Ferkans — Interactive Telecom Tutor

Two Rate Decompositions for the Same Channel

There is a second, seemingly innocent, way to turn a non-binary constellation into a sum of binary mutual informations. Instead of conditional binary capacities, take unconditional ones:

$C_{\rm BICM} \;\triangleq\; \sum_{i=0}^{L-1} I(Y; B_i).$

This is the BICM capacity. It corresponds to a decoder that views each bit position as an independent binary channel and processes the $L$ bit streams in parallel — no history conditioning. The construction is simpler than MLC/MSD because only one binary code is needed (the streams are demultiplexed from a single mother code after interleaving), and the decoder is a single binary decoder, not $L$ of them.

The question is: how much capacity do we lose by dropping the conditioning? The answer depends on the labelling $\mu$ . For Ungerboeck partition-based labelling the loss is substantial. For Gray labelling it is remarkably small — typically well under $0.5$ bit over the entire practical SNR range. This is the observation that Caire, Taricco, and Biglieri turned into a full framework in 1998, and that subsequently drove BICM to dominance in wireless standards.

This section quantifies the MLC-vs-BICM gap and explains why, despite MLC's theoretical optimality, BICM is what every modern wireless modem uses.

,

Definition:
BICM Capacity

Fix a constellation $\mathcal{X}$ of size $M = 2^L$ , a labelling $\mu : \{0,1\}^L \to \mathcal{X}$ , and a channel $p(y \mid x)$ with uniform inputs. The BICM capacity is

$C_{\rm BICM}(\mu) \;\triangleq\; \sum_{i=0}^{L-1} I(Y; B_i)$

where $B_i$ is the $i$ -th label bit when $X = \mu(B_0, \ldots, B_{L-1})$ with i.i.d.\ uniform label bits.

The BICM capacity depends on the labelling through the marginal distributions of each $B_i$ given $Y$ . For the AWGN channel with uniform inputs, these marginals are the per-bit posteriors used by any BICM demapper. Different labellings give different BICM capacities; Gray labelling is the empirical champion.

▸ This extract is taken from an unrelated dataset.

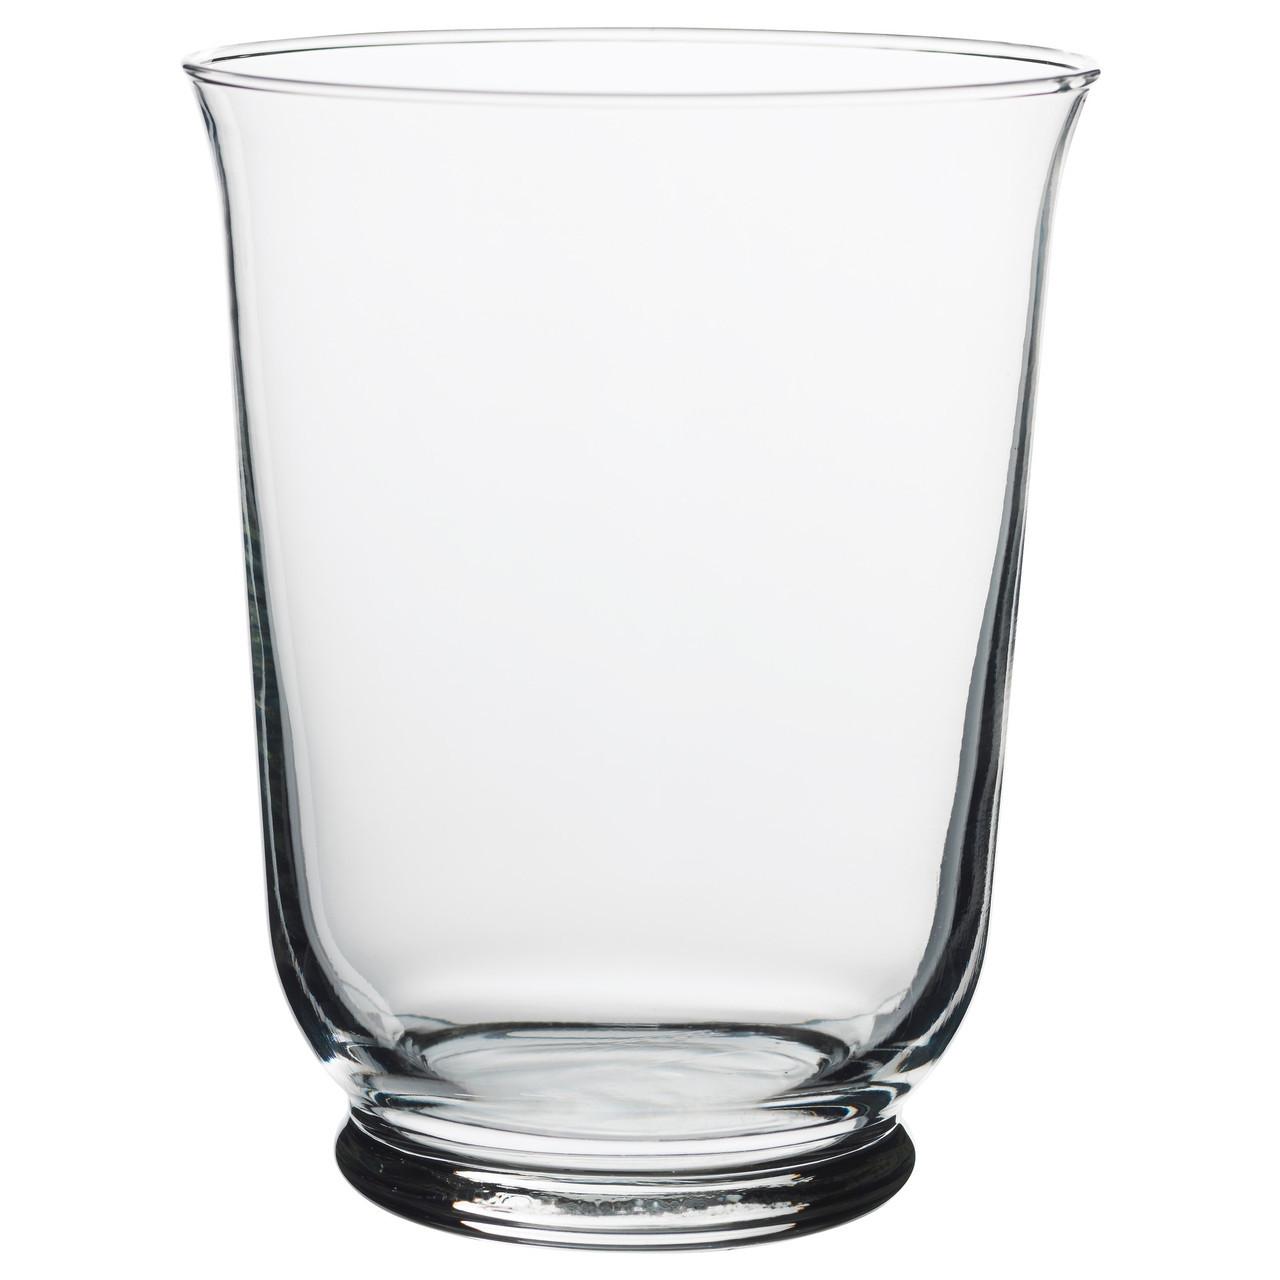 Ваза IKEA POMP 18 см прозрачное стекло 803.265.37

Theorem: The Capacity Ordering: CM $\ge$ BICM $\ge$ sum of independent levels

For any constellation $\mathcal{X}$ , labelling $\mu$ , and symmetric channel with uniform inputs,

$C_{\rm CM} \;\ge\; C_{\rm BICM}(\mu) \;\ge\; \sum_{i=0}^{L-1} \max\bigl(0, I(Y; B_i) - \Delta_i\bigr),$

where the middle inequality is tight for Gray labelling within a small gap ( $< 0.5$ bit over practical SNRs), and the left inequality is tight whenever the label bits are independent given $Y$ (rare — happens only for pathological channels). Explicitly, the left gap is

$C_{\rm CM} - C_{\rm BICM}(\mu) \;=\; \sum_{i=1}^{L-1} \bigl[I(Y; B_i \mid B_0, \ldots, B_{i-1}) - I(Y; B_i)\bigr],$

and every term in the sum is non-negative.

Conditional mutual information is always at least as large as the unconditional one when the conditioning variable carries information about the output: $I(Y; B_i \mid B_0, \ldots, B_{i-1}) \ge I(Y; B_i) - I(Y; B_0, \ldots, B_{i-1}) + I(Y; B_0, \ldots, B_{i-1})$ — but there is a cleaner derivation via the chain rule, below.

Show Hint

Use the chain rule to decompose $I(Y; B_0, \ldots, B_{L-1})$ in two different ways.

Compare the conditional decomposition (CM) with the unconditional sum (BICM).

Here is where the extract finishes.